Su destreza militar, grandeza política y personalidad independentista, así como sus importantes
victorias para alcanzar una patria unida, despertaron los más viles sentimientos en sus
contrincantes, quienes planificaron y ejecutaron en las Montañas de Berruecos, cerca de Pasto,
su asesinato.

La muerte del Gran Mariscal de Ayacucho fue planificada con alevosía, ensañamiento, ventaja
y premeditación, y con un una emboscada acabaron con la vida de Antonio José de Sucre, quien
a sus 35 años se convirtió en uno de los próceres más respetados de Venezuela.

La Revolución Bolivariana rescató de las tinieblas el nombre de Sucre y colocó en el sitial de


honor que se merece. Gracias al profundo proceso de cambios sociales que vive Venezuela, se
creó la misión Sucre, en el año 2003, con el objetivo de incorporar a los jóvenes excluidos del
sistema educativo a la formación universitaria.

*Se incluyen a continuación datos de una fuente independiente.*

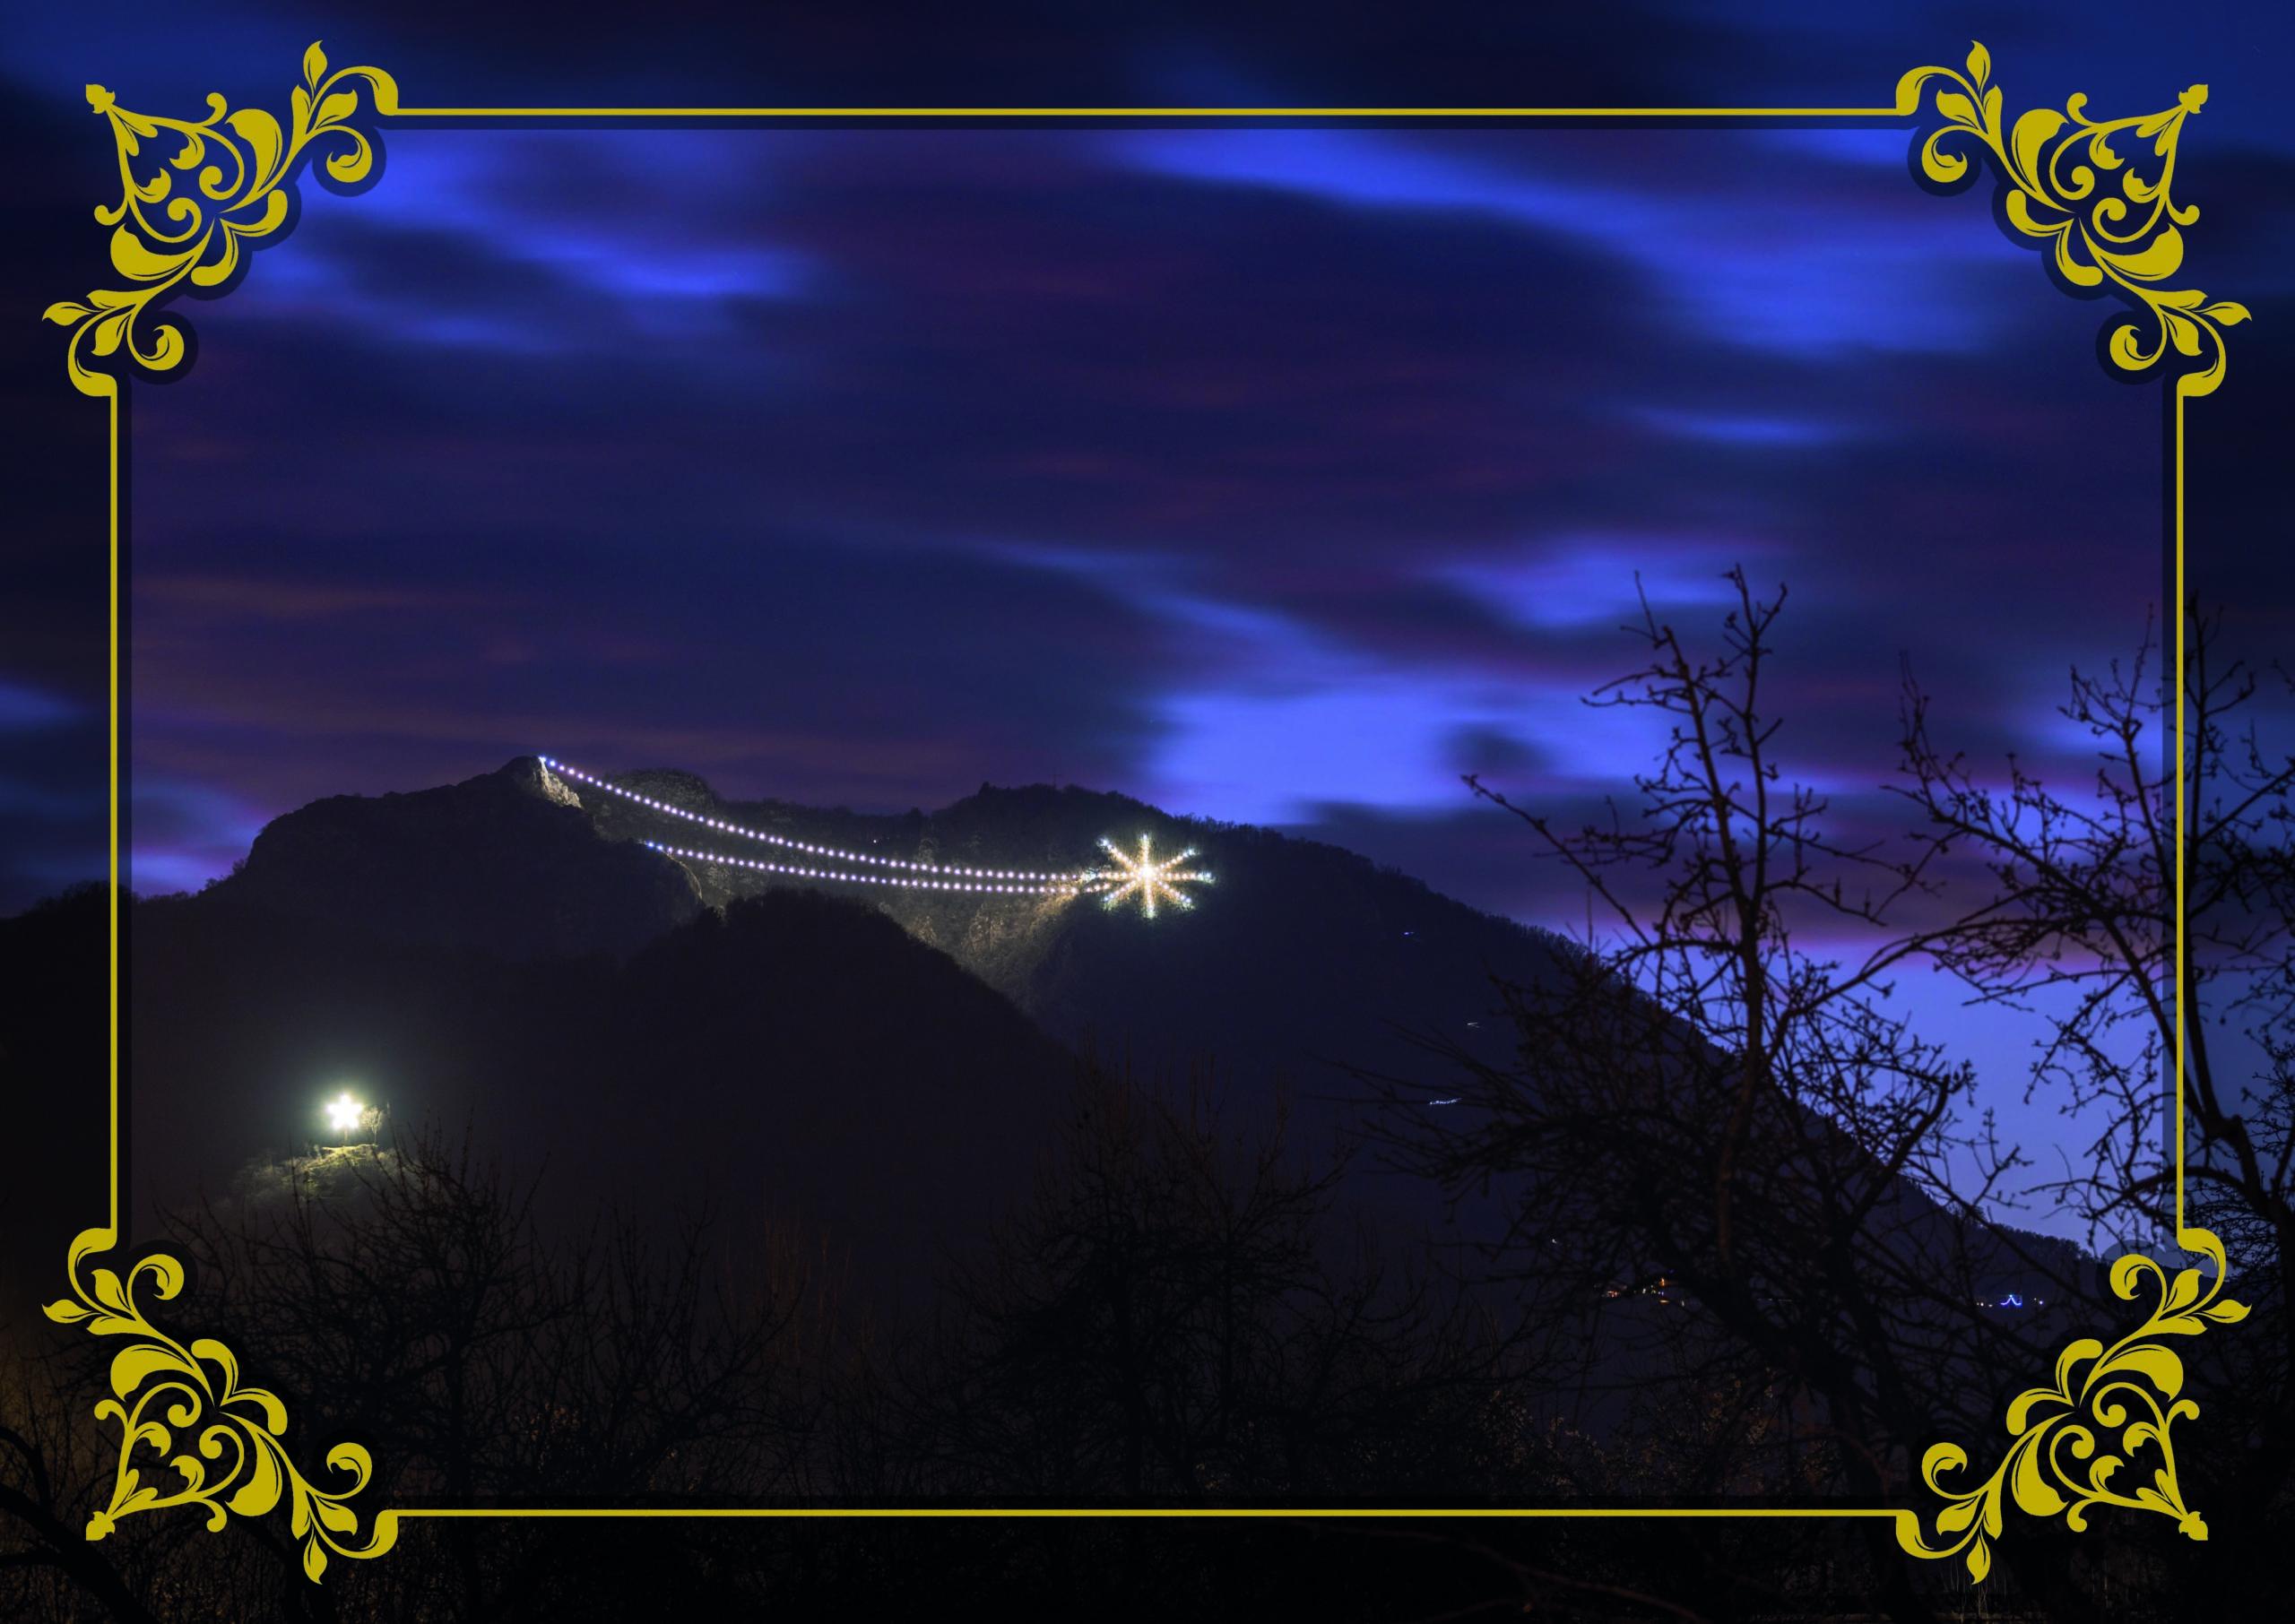 La nostra stella, al tempo del COVID-19

Gracias a esta misión social, más de medio millón de estudiantes, mil 643 aldeas en todo el país
y 116 mil 652 becarios se han visto beneficiados con la educación universitaria y han alcanzado
la superación personal para forjar una mejor patria. La Misión Sucre es la alternativa para la
inclusión en la educación universitaria.